Probably the greatest sport on earth; a game that inspires near-fanatical passion and loyalty world over. Trust Naija to overdo things, football followership here is even more intriguing. The average Nigerian guy:

(i) thinks he’s been following football since the beginning of time – Do you know when I started watching ball? And when the other chap, forgetting that some kinds of questions are intended to be rhetorical, dares challenge with a “When?”, majority reel off impractical dates, conveniently forgetting that prior to the explosion in football viewing centres across Nigerian cities, European football was something they only used to read in the newspaper sport pages;

(ii) understands formation, tactics and strategy better than UEFA pro-licensed coaches. That’s the only reason you’ll hear some frustrated bozo who had never heard of Arsenal until Kanu joined the club, call Wenger an idiot in a fit of rage, or why a barely literate dimwit who has absolutely no clue who Ranieri is would brazenly assert that Chelsea FC plays the best football in the world;

(iii) thinks the other average Nigerian guy (especially one that supports a rival club) knows nothing about football – Abeg, you no sabi ball - or - when you start to dey watch ball sef. The contempt in which the average Nigerian football lover holds his fellowman is only rivalled by the disdain he has for the rival (often more sucessful) club itself.
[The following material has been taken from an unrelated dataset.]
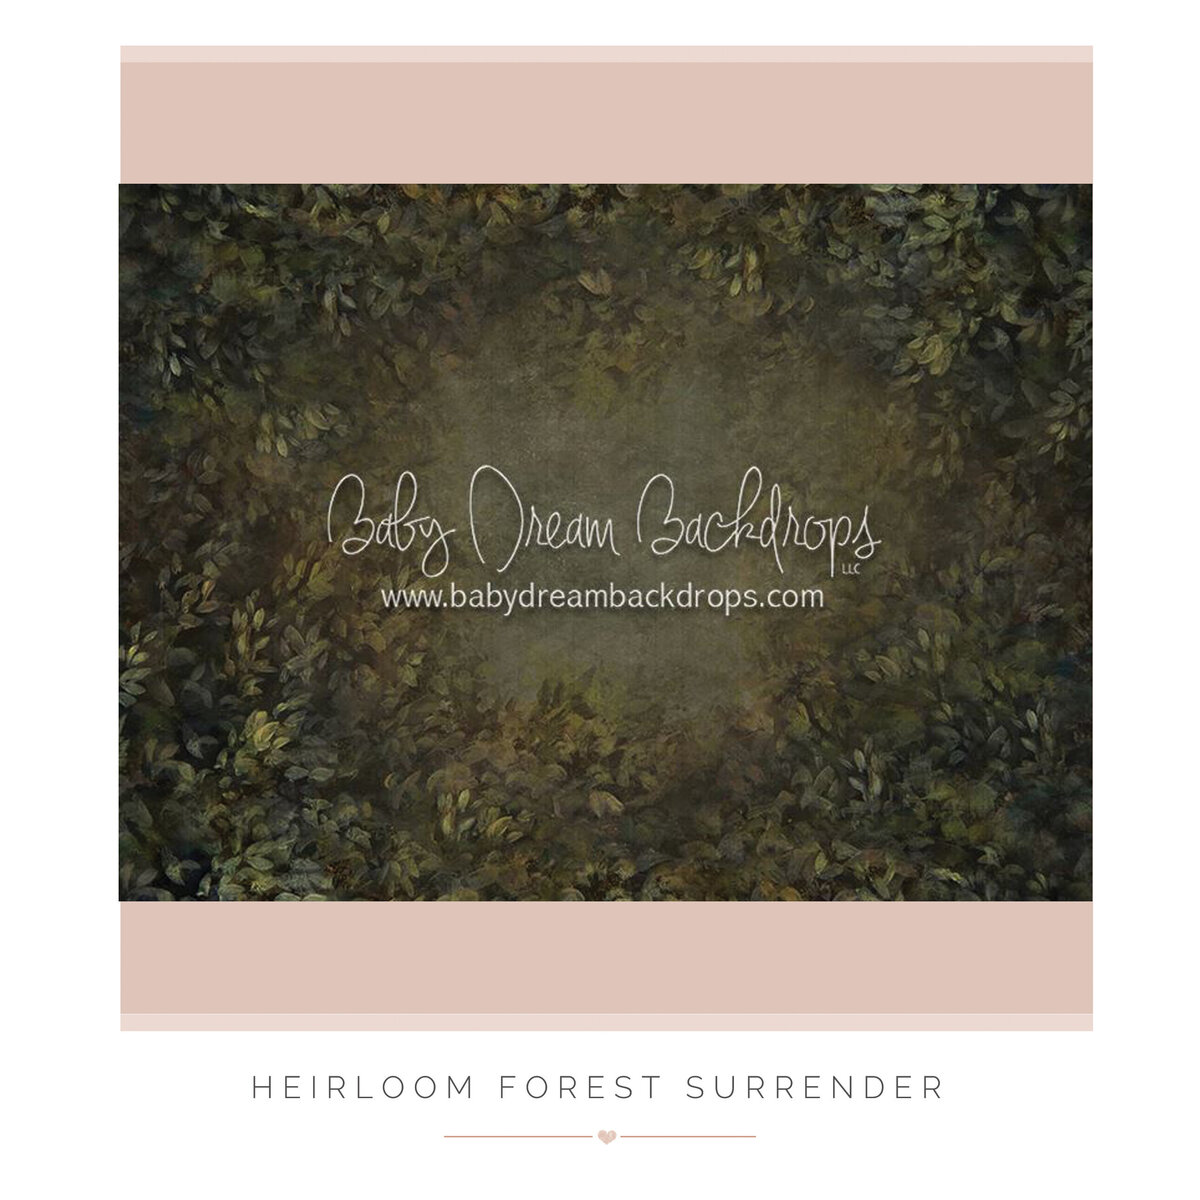 Heirloom Forest Surrender

(iv) would never concede to a superior argument or contrary view. That’s why he would tenaciously cling to the most idiotic of arguments (e.g Cristiano Ronaldo is not a good footballer) and argue until he is hoarse. And when it becomes as plain as the nose on his face that he’s talking balderdash, the way out without losing out is a dismissive “You no sabi ball jo” and walking away.
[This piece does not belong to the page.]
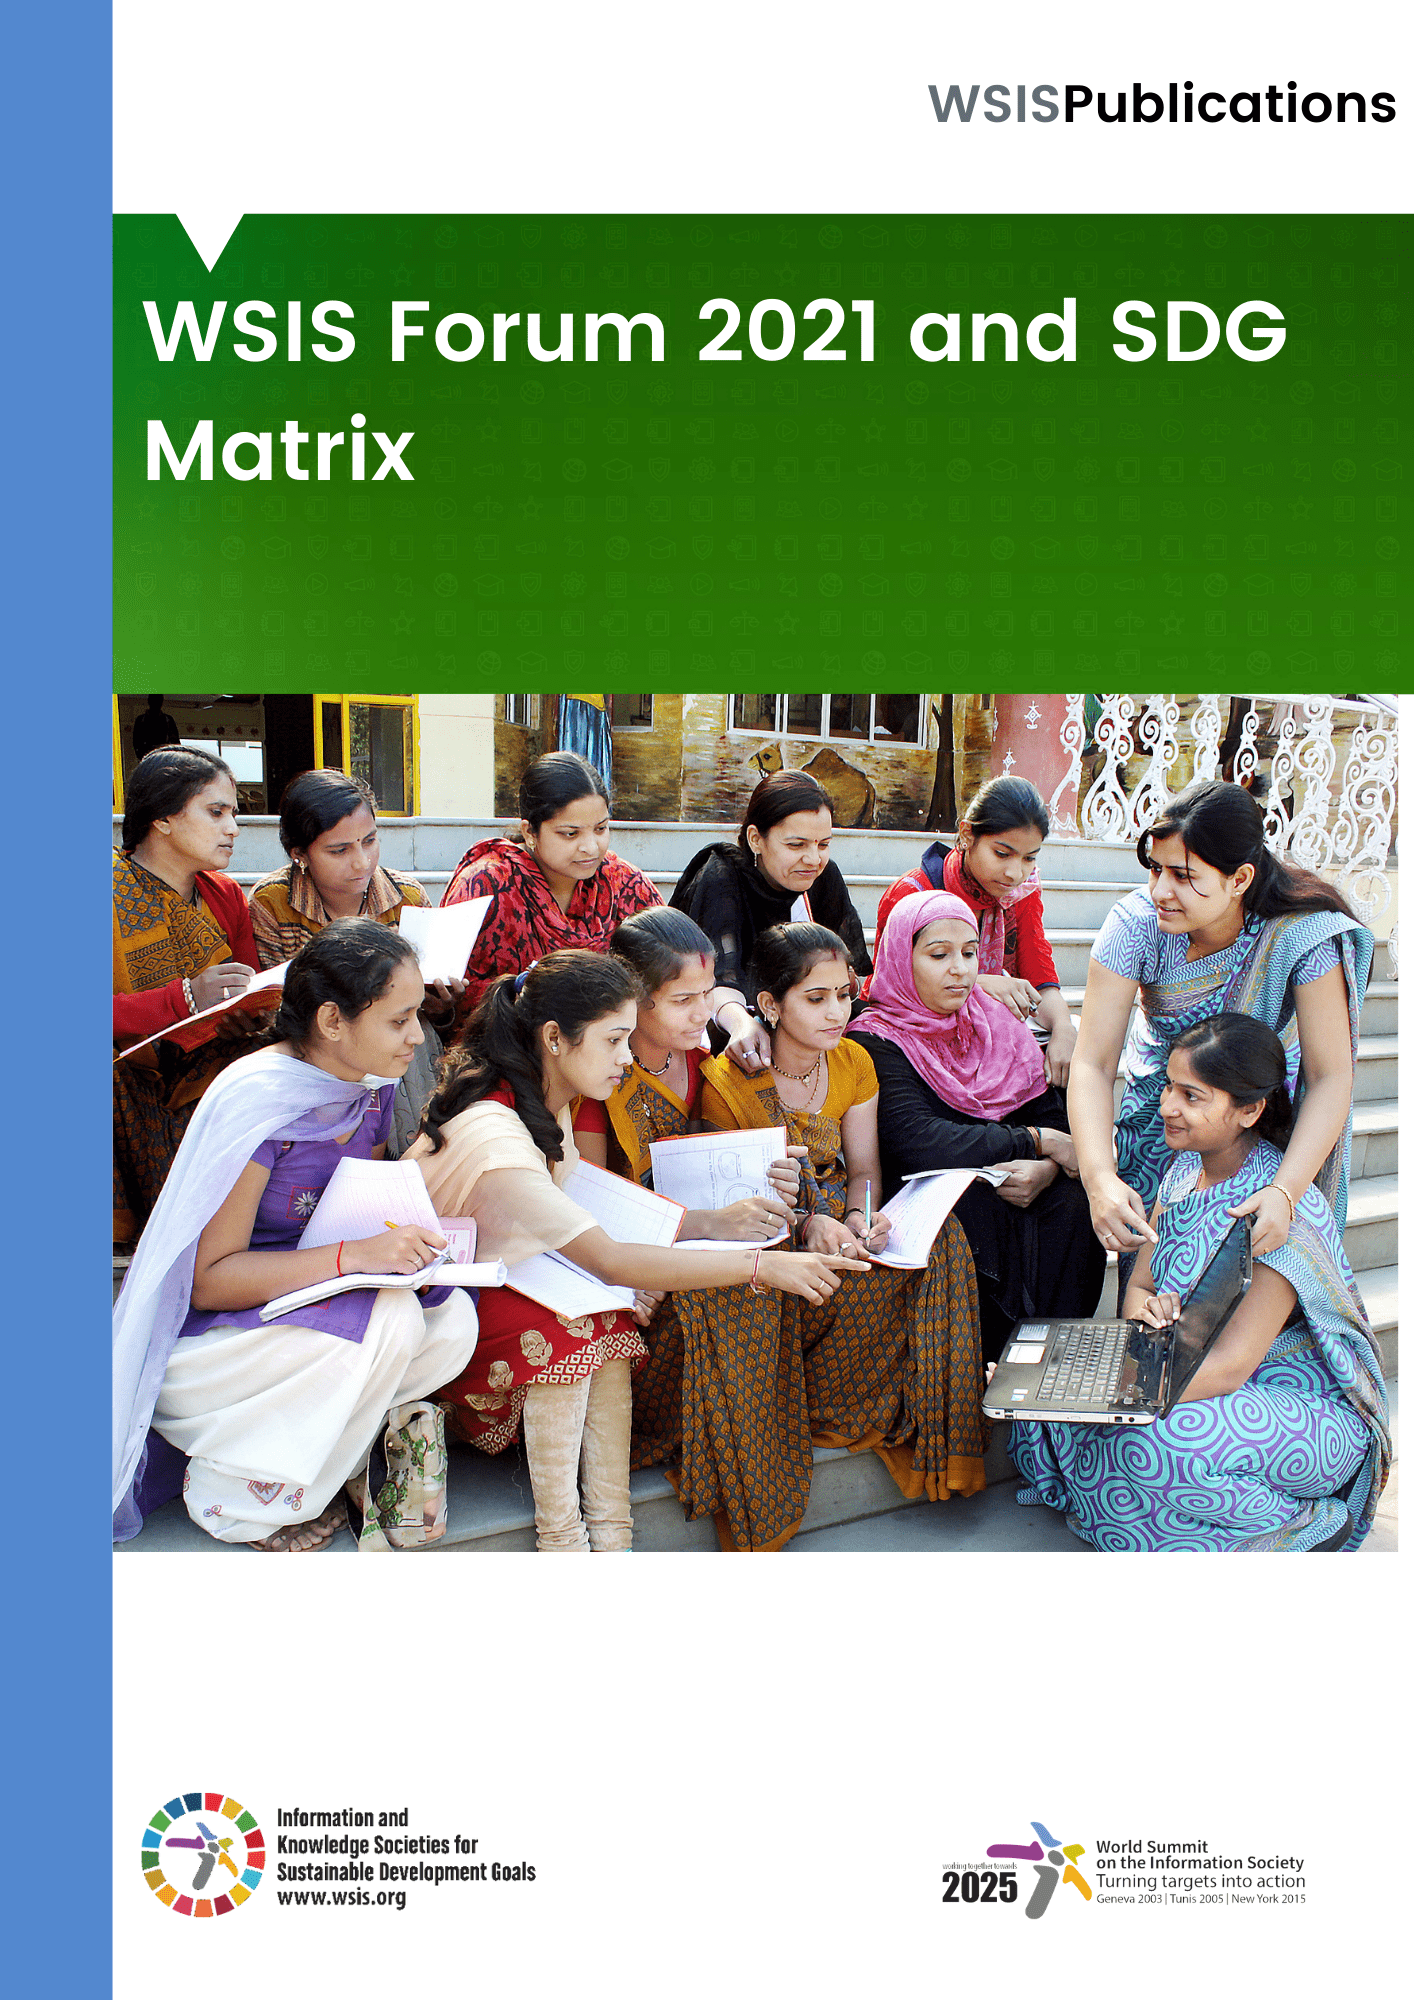 WSIS论坛2021和SDG矩阵

The summary? The Rules of the Game are quite simple: never argue about football. As that lucky Arsenal fan in Lagos would happily remind you, it could earn you a knife in your eye.

5. Whether to Stay or Relocate

To stay or to go is a question virtually every young middle to upperclass Nigerian has to answer at some point in his or her life. There are many who would never be able to comprehend why some of us choose to remain in this wasted land of darkness, decayed infrastructure and lawlessness. And there are those of us who would never stop wondering whether there’s any happiness to be got in the sterile blandness of life overseas. Why would you trade the unpredictability, verve and spontaineity of Naija for the dreary monotony and sameness of the western world, we ask. Cos I want my kids to have first-class education is the instant answer; and my family to have access to quality healthcare, and I want to be able to sleep with both eyes closed…
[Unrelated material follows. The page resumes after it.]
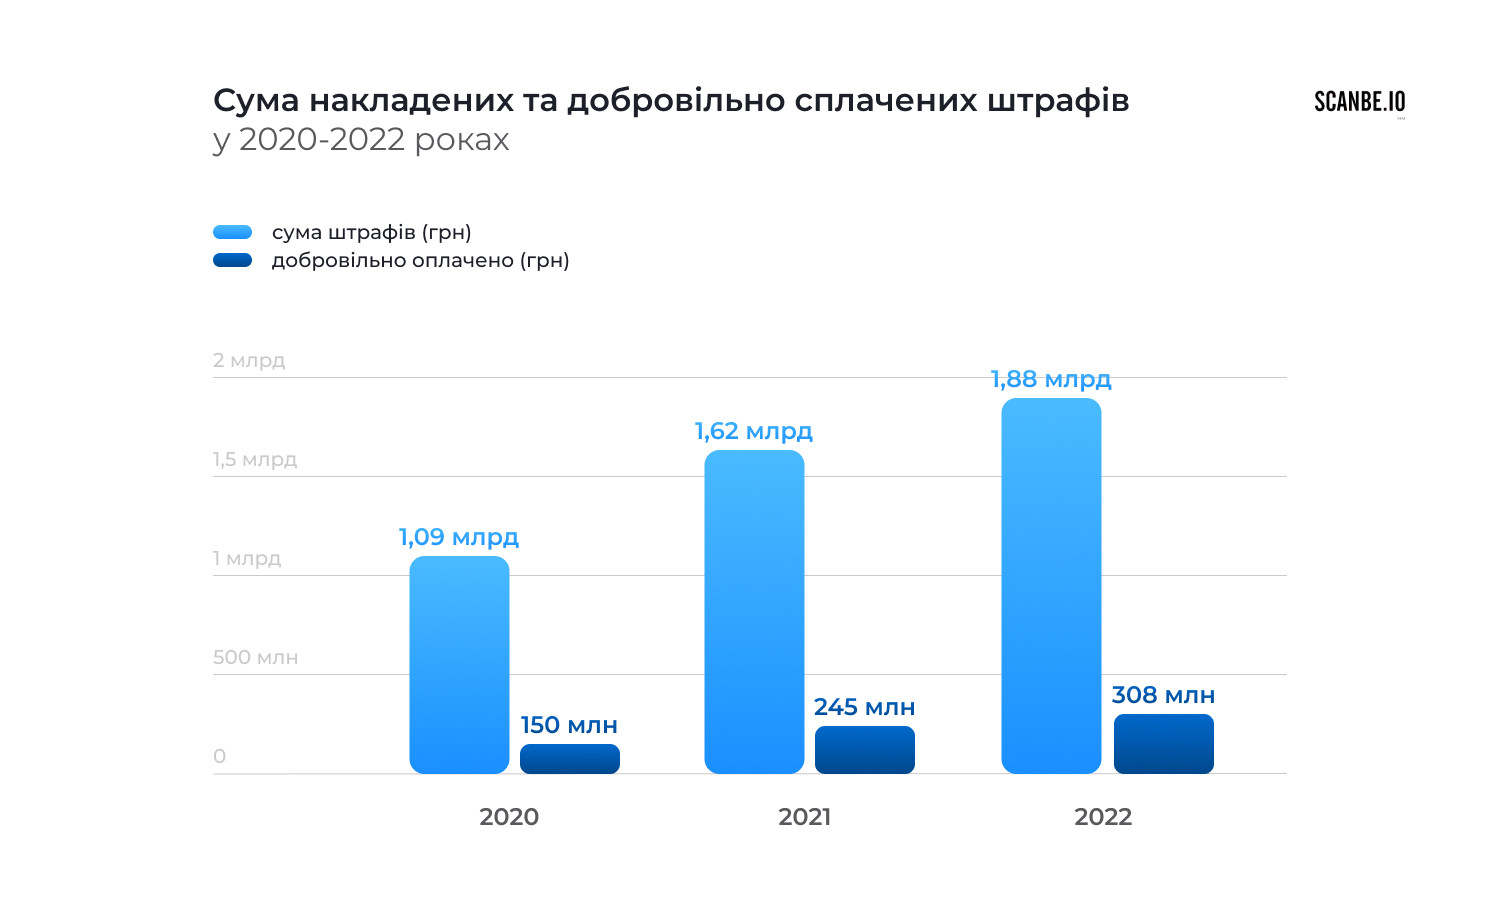 1877408990 гривень штрафів  заробили українські водії за керування у нетверезому стані в 2022 році - зображення

At the end of the day, as someone I know once pointed out, it all depends on what we each individually place the most premium on. The call is each person’s to make. So rather than engage the male n female friends who thinks I am insane for not wanting to go live with a rich uncle in The States while pursuing my Masters over there despite having some rich relatives, all I did was chuckle.

So was this note actually worth the five or so minutes you spent reading it? Hey, now that’s an argument you surely don’t want to get into.